Cette réaction est un peu excessive. Et de même qu’il ne fallait point proscrire du grand art, une œuvre, parce que, d’aventure, elle pouvait servir à quelque chose pour l’ornement ou le confort de nos demeures, de même ne suffit-il pas que ce confort ou cet embellissement soit invoqué pour rendre dignes du grand art les objets les plus hétéroclites que la fureur de compliquer la vie nous pousse à encombrer nos appartemens. Et pas plus qu’autrefois le sentiment décoratif n’empêchait nécessairement une œuvre d’être pour les yeux une joie profonde, il ne suffit aujourd’hui à transformer en chef-d’œuvre tout ce qui en prend l’étiquette ou en invoque l’utilité. Pourtant, c’est bien là ce qui, dans le désarroi ou la lassitude de tous les autres sentimens d’art, demeure le plus fécond et le plus neuf.
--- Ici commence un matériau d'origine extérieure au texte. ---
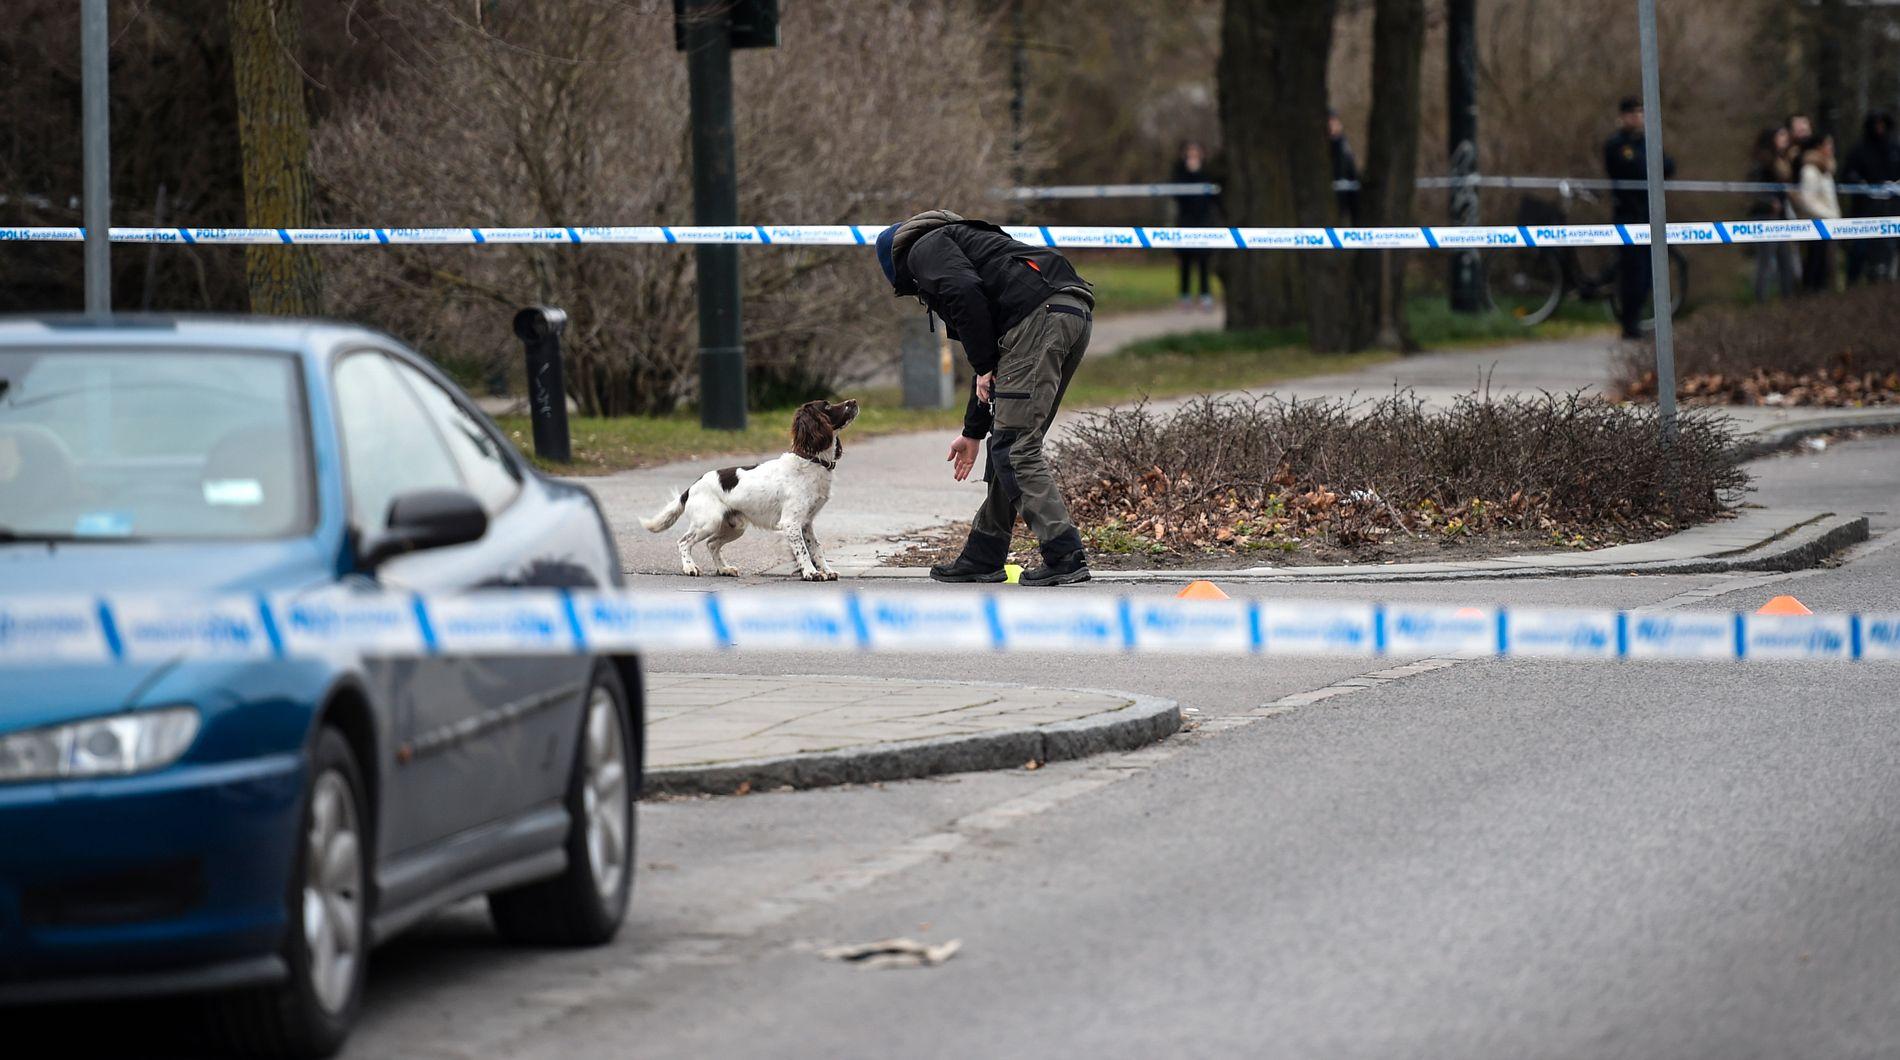 SKUTT I MALMÖ: Politi med hund søker på Ystadvägen i Malmö, etter at en person ble skadet i en skyteepisode utenfor en restaurant i mars 2017.

Que les salons de 1906 soient fort médiocres, au total, c’est ce que nul, parmi les esprits curieux d’impressions fortes ou d’impressions nouvelles, ne contestera. Qu’ils ne nous révèlent — au moins, dans la peinture — aucun talent nouveau, et que, dans le genre où triomphe d’ordinaire l’art français : le portrait, ils nous montrent presque tous les maîtres inférieurs à eux-mêmes et pas un seul en progrès, c’est ce que chacun de nous peut aisément apercevoir. Mais partout le sentiment décoratif s’affine. Dans l’anémie universelle qui consume les talens ou l’ataxie qui les projette en mouvemens désordonnés, ce sentiment, si rare chez les peintres du XIXe siècle, inspire des œuvres de plus en plus précieuses. Il anime, au Salon de l’avenue d’Antin, les grandes pages murales de M. René Ménard, et, au Salon des Champs-Elysées, celles de M. Henri Martin. Il inspire, des deux côtés, une foule de paysagistes, en les ramenant vers les pays et les cités où les profils des montagnes, des arbres, des maisons elles-mêmes, s’abaissent sur l’horizon en masses naturellement équilibrées, en arabesques largement tracées, selon les lois obscures, mais infrangibles de la décoration. Il dresse, dans la sculpture, le magnifique groupe de bronze de M. Landowski.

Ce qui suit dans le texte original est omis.